Но: любовь зла – полюбишь и козла. Ослепила она таки Толечку: боюсь, что исключительно тем, что была более искусной с ним в постели. Все годы, пока жили, буквально все домашние дела были на нем – не на ней, хотя жили почти исключительно на его заработок старшего научного сотрудника. Он это терпел, но не очень терпели мы, его близкие – в первую очередь, родители.

Она же предпочитала заниматься лишь тем, что ей нравилось: приобретением модных “шмоток”, как она выражалась, уходом за собственной внешностью и частым участием в бесконечных компаниях: с обильным возлиянием. Нередко без него. Нравилось ей, к тому же, изображать себя несчастной. Не повезло ей в жизни, видите ли: прочили ей, с её голосом, блестящую будущность – певицы, если не оперетты, то эстрады, а очутилась всего лишь в ресторане. Чушь, конечно: голосок у неё был небольшой – тем более что она могла достичь при её лени?

А бедный дурачок наш всё терпел, но зато гордился успехом, каким пользовалась его жена в компаниях, считая, что многие непременно ему завидуют. И, будучи сам верным ей, не видел и не подозревал, что не такой уж невинный характер носит её кокетство и флирт с другими.

Она-то уже считала, что он и дальше ничего не заметит никогда, на чем и нарвалась. Ему еще, считаю, повезло, что квартиру не пришлось разменивать при разводе: она оставалась прописанной в собственной квартире, которую, перебравшись к нему, сдавала – почему-то кроме одной комнаты в ней.

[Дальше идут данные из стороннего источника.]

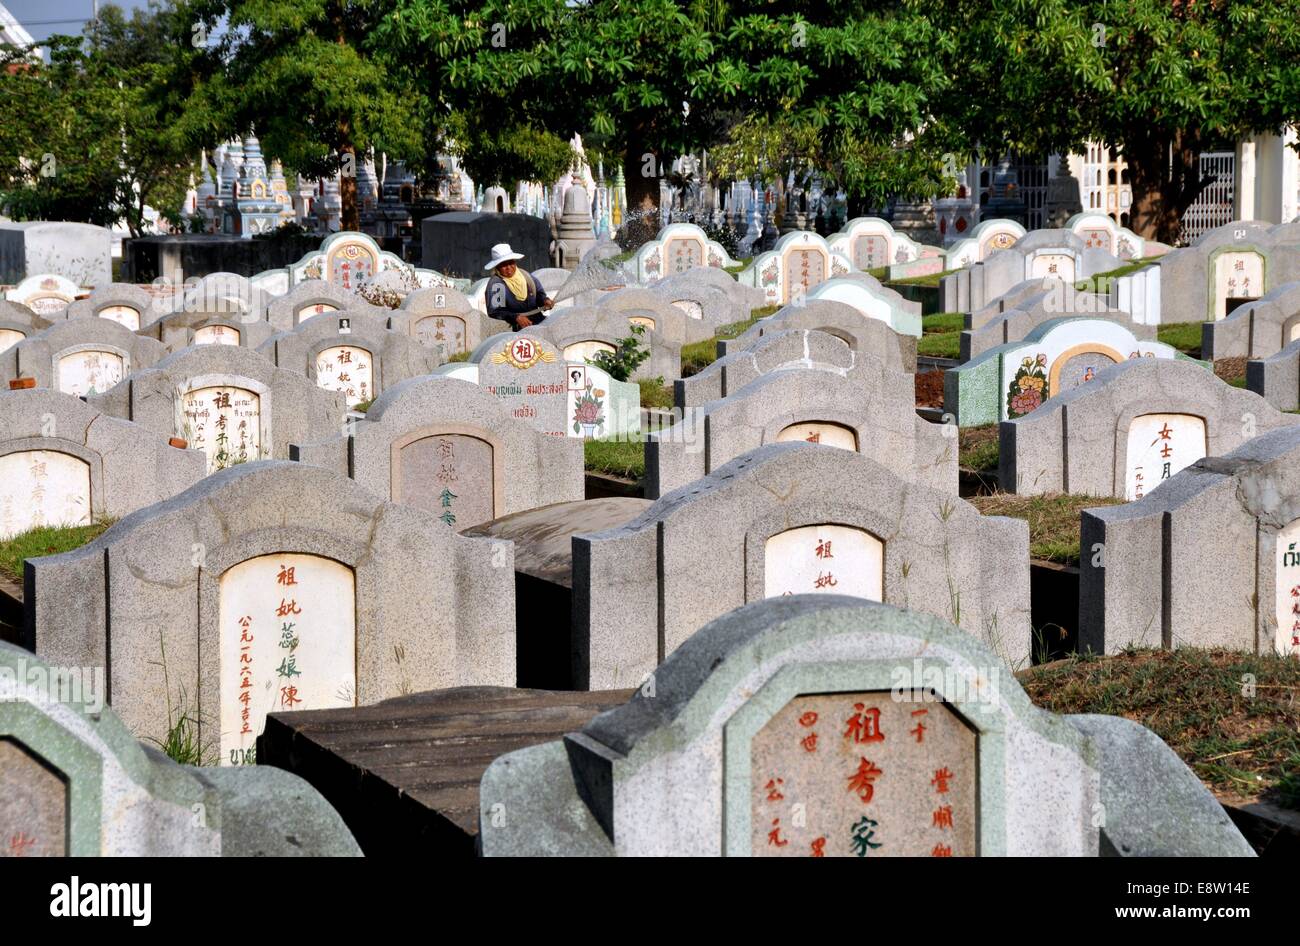 KANCHANABURI, THAILAND:  Row upon row of Chinese gravestones at the Kachanaburi Chinese Cemetery Stock Photo

… Встретился вновь с Ниной незадолго до того, как должен был улететь с Клавой к нам, в Лос-Анджелес. Удивило, что обрадовалась она их не неожиданной встрече: захотелось увидеть её – он позвонил. Знал от мамы, которая предпочитала общаться с ней, а не его второй супругой, что она оставалась все годы одна, и спрашивает про его дела – не забыла его. Сравнил жизнь с ней с той, которую вел с Татьяной, и понял лучше достоинства первой своей жены. Потому и услышали мы от него о его намерении, вернувшись в Россию, просить у Нины прощения и снова к ней вернуться.

 

Толя знал уже о смерти Юры, которого прекрасно помнил: особенно после веселого представления перед нашей свадьбой, на котором ему дали роль мальчика-с-пальчика. Но хотелось узнать от Коняевых и, как и почему.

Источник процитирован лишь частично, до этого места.